(EXERCISE PROMPT): Copy the lines below, please, starting with the one that contains "Кредитные карты для" and ending with the last. Pictures stay out.

(SUPPLIED INFORMATION):
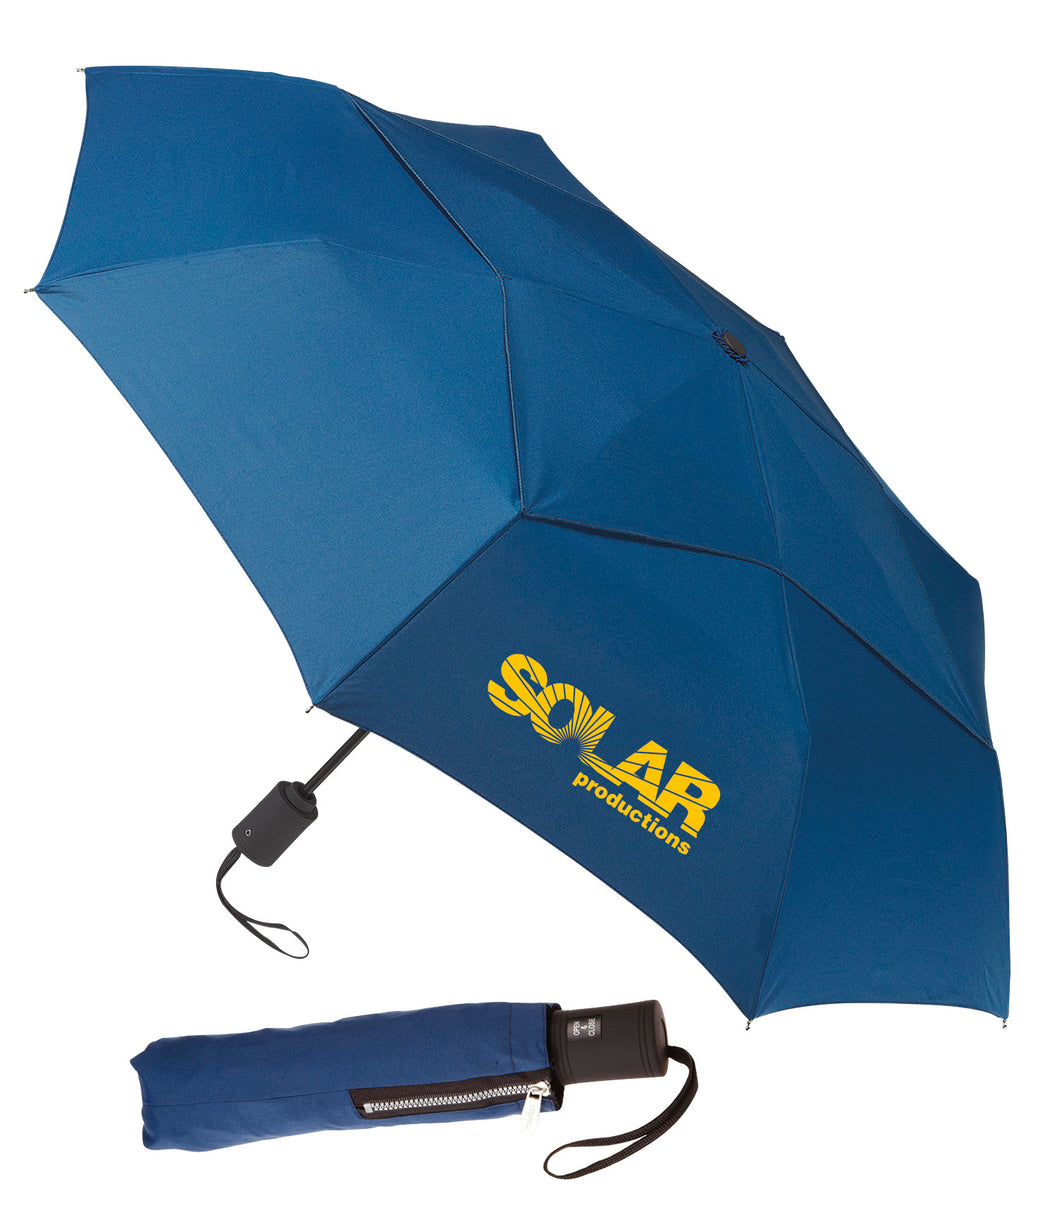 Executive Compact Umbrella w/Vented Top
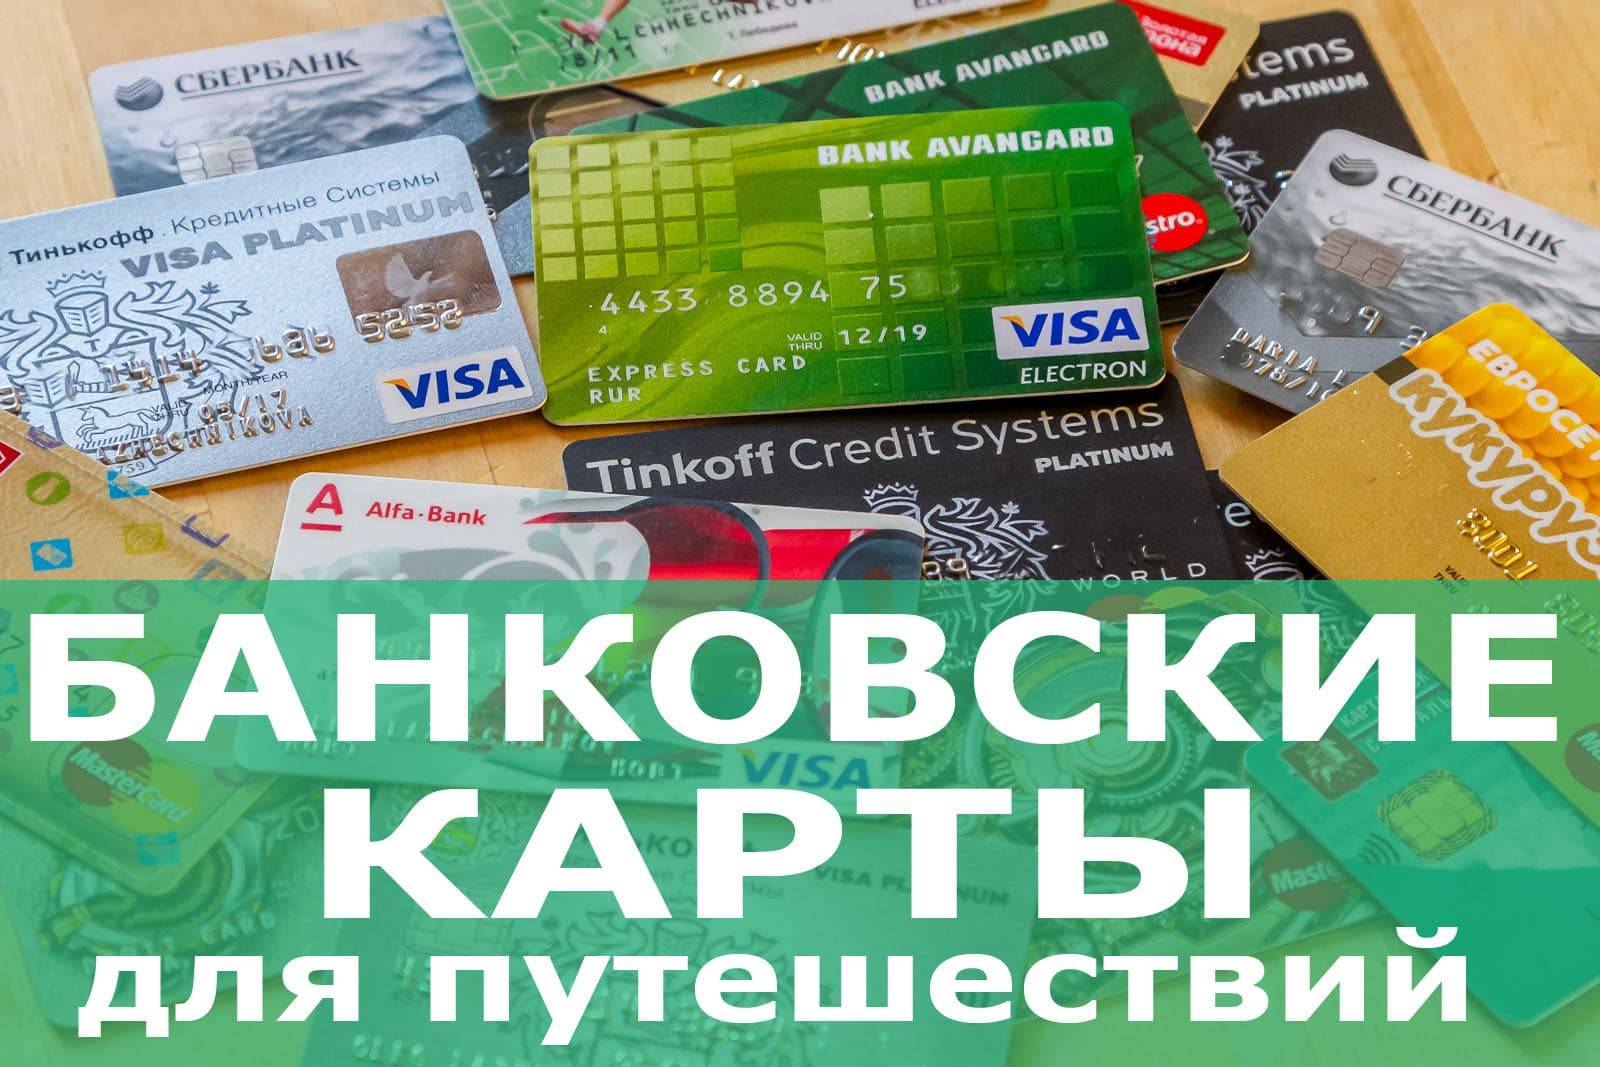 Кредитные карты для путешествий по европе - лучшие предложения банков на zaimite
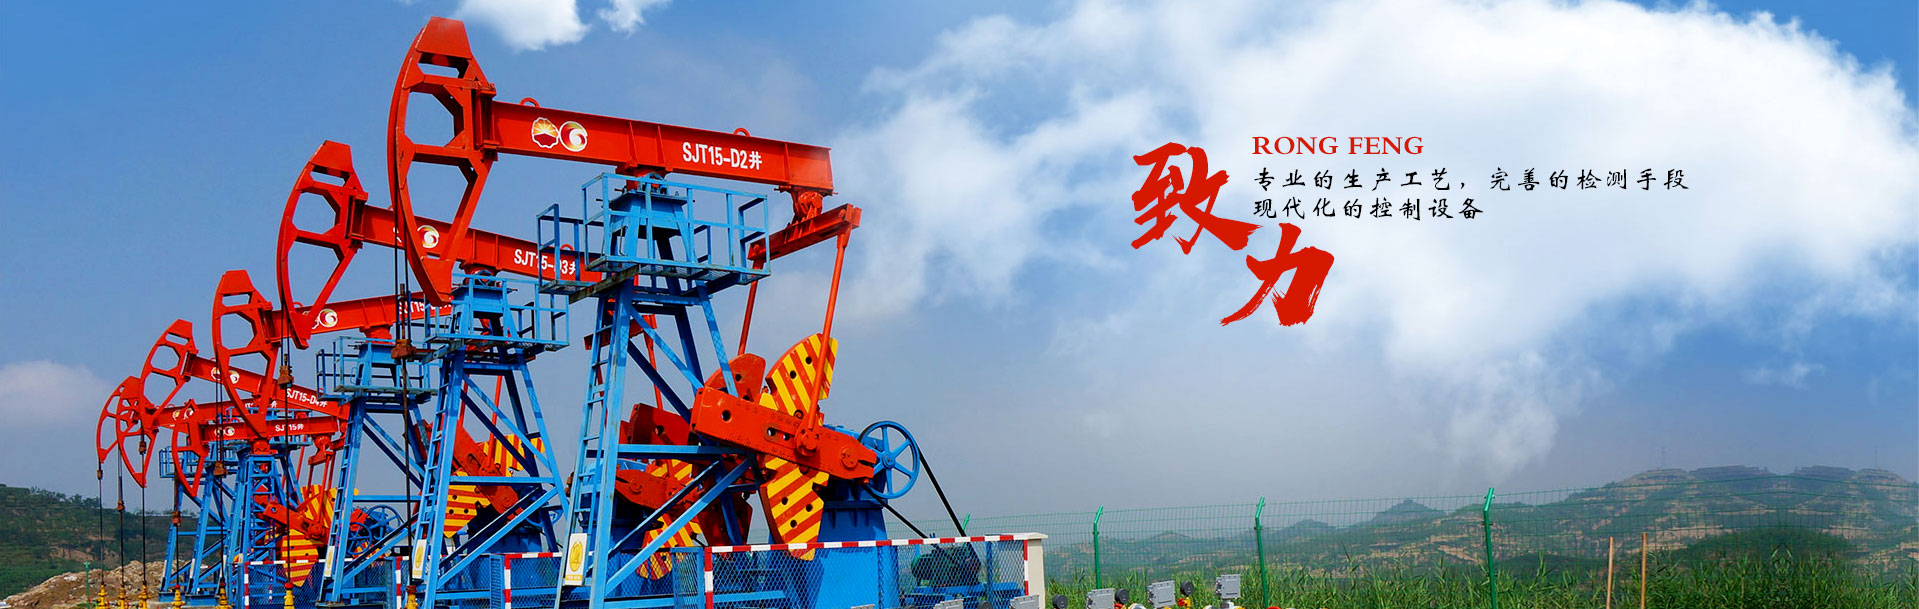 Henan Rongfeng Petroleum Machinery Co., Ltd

(WORKED SOLUTION):
 Кредитные карты для путешествий по европе - лучшие предложения банков на zaimite
 Henan Rongfeng Petroleum Machinery Co., Ltd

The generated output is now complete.